È stato Karl Marx a dire che la strada dell’inferno è lastricata di buone intenzioni. Ora, non è che vogliamo mandare di traverso il caffè mattutino al ministro della Pubblica istruzione e del Merito, Giuseppe Valditara, sventolandogli sotto il naso – a lui, uomo di destra – un aforisma del padre del comunismo, ma abbiamo la sensazione che il pur bravo ministro, in totale buonafede, stia per prendere una cantonata pazzesca. La questione riguarda l’introduzione, nelle ultime tre classi delle secondarie di secondo grado, delle figure del docente-tutor e del docente-orientatore. La dotazione finanziaria, prevista in legge di Bilancio, è di 150 milioni di euro da destinare, nel 2023, alla remunerazione di circa 40mila figure di docente-tutor a cui si aggiungono quelle di docente-orientatore, una per ogni istituto scolastico.
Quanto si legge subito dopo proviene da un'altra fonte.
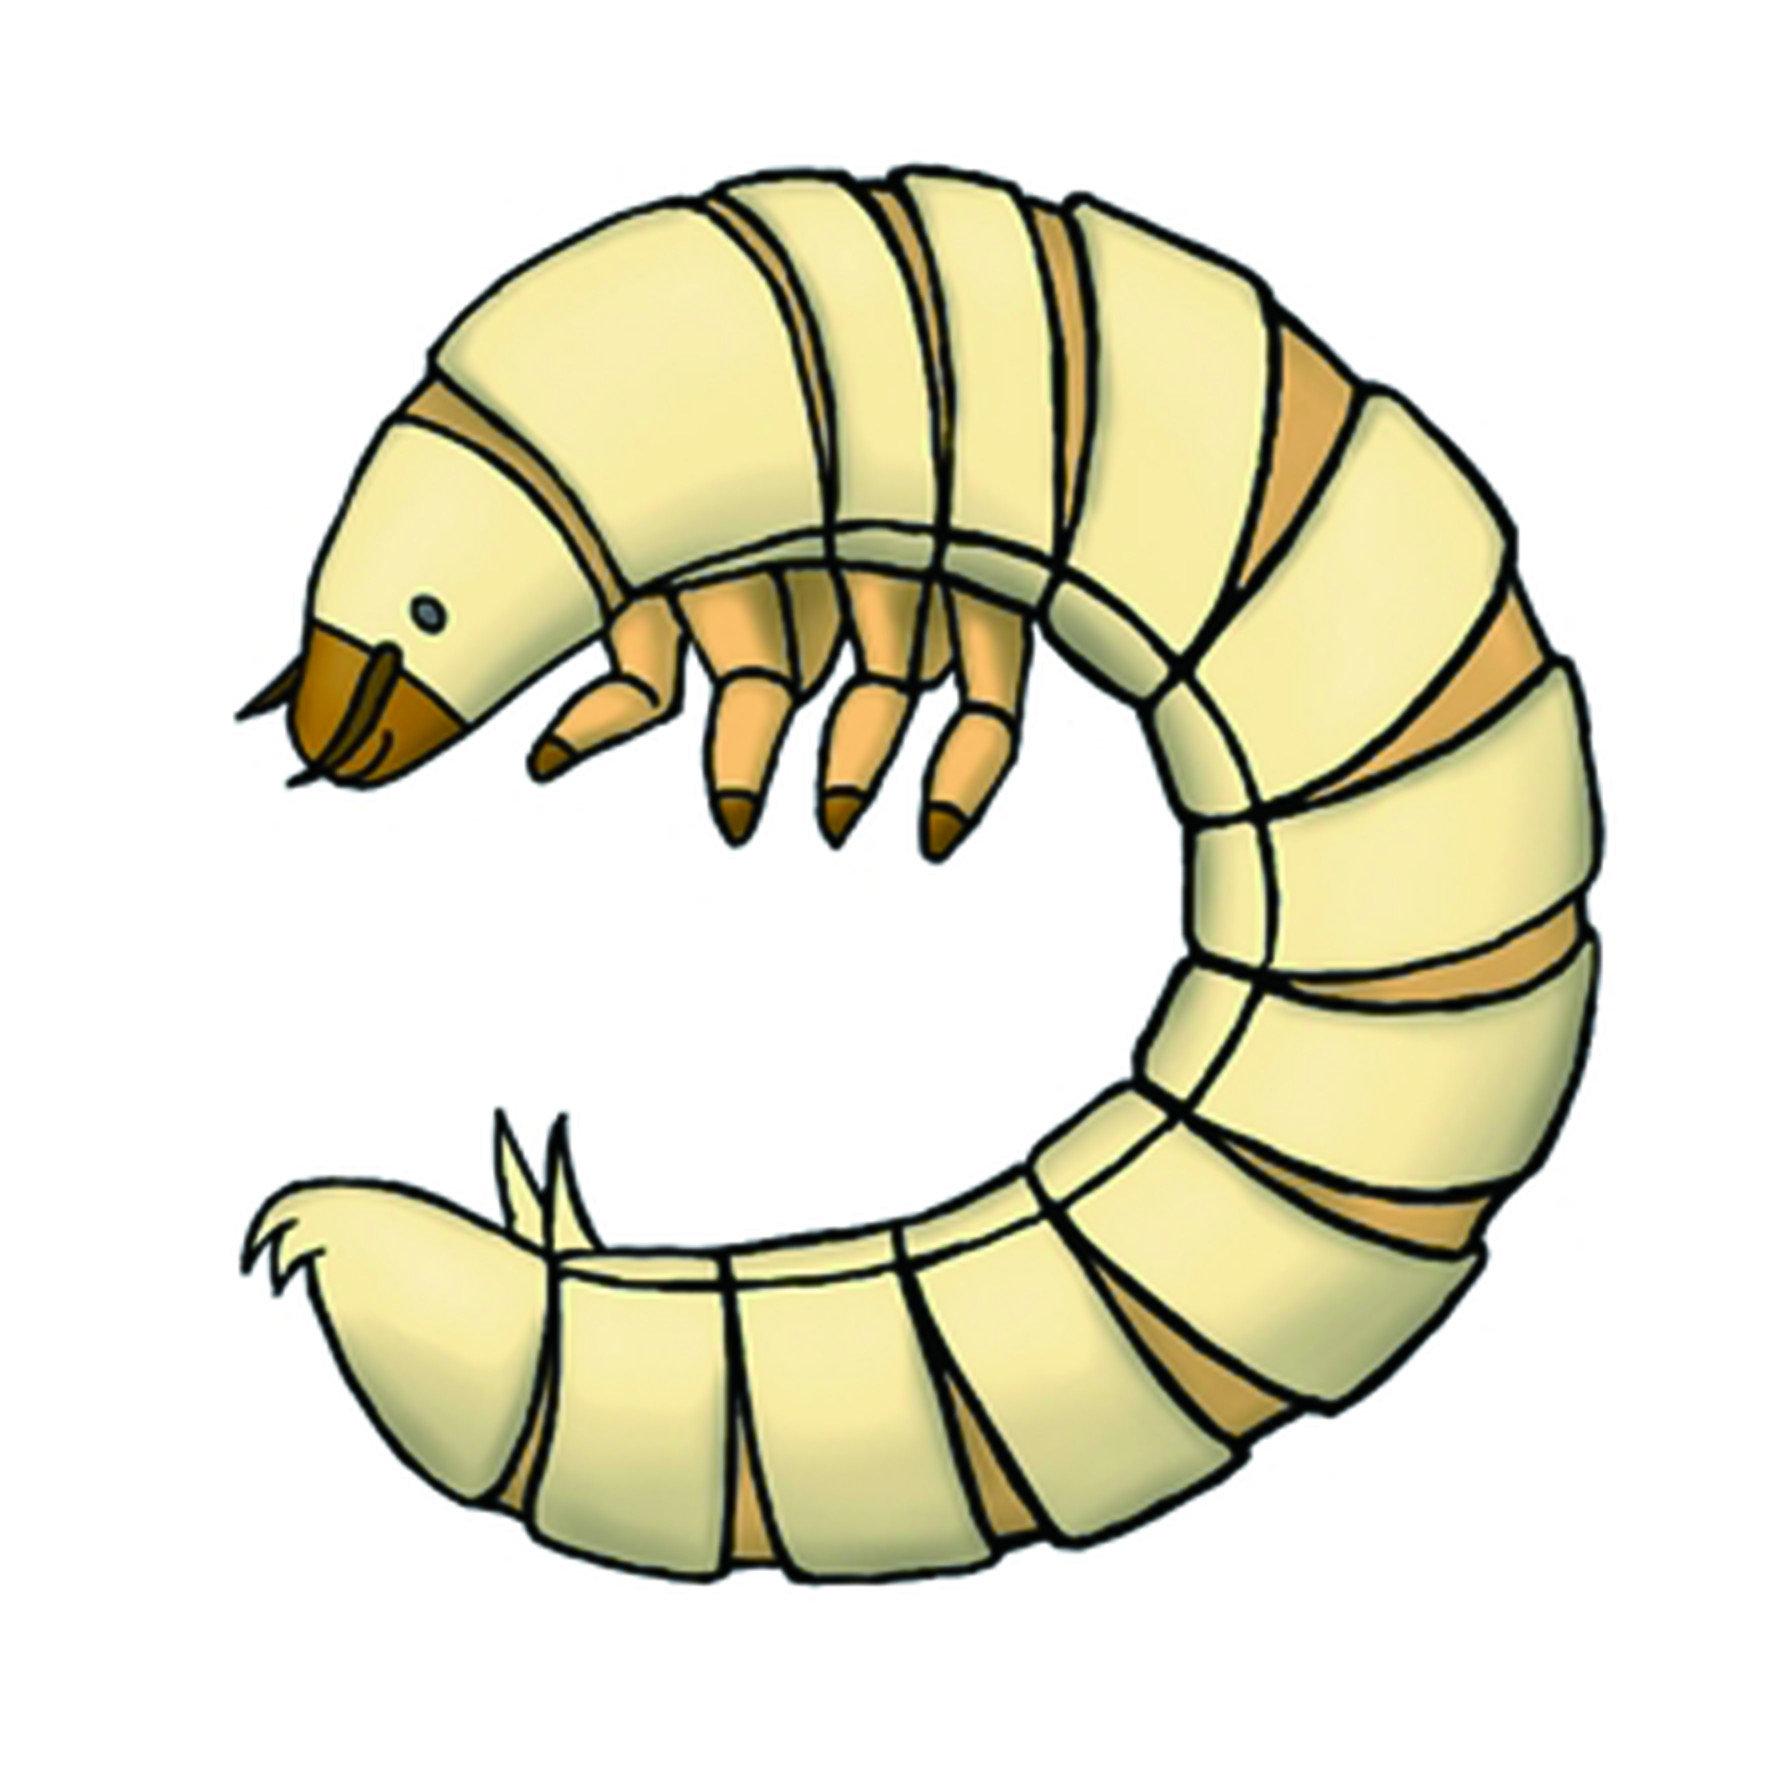 顧名思義,麵包蟲是以麵包、麥麩或腐敗的食物為食,正式中文名為「黃粉蟲」,是一種完全變態的昆蟲,幼蟲為黃色蠕蟲型態,成蟲為會飛的黑色甲蟲。麵包蟲幼蟲喜歡陰暗、潮濕的環境,成蟲也屬於夜行性昆蟲。

L’iniziativa, detta così, appare encomiabile perché si chiede a questa nuova figura del mondo della scuola, che è il docente-tutor, di “coordinare e sviluppare le attività didattiche a favore di una personalizzazione dell’istruzione nelle classi terze, quarte e quinte delle secondarie di secondo grado, favorendo il recupero per i ragazzi che manifestano maggiori difficoltà e consentendo a quelli che hanno particolari talenti di potenziarli”.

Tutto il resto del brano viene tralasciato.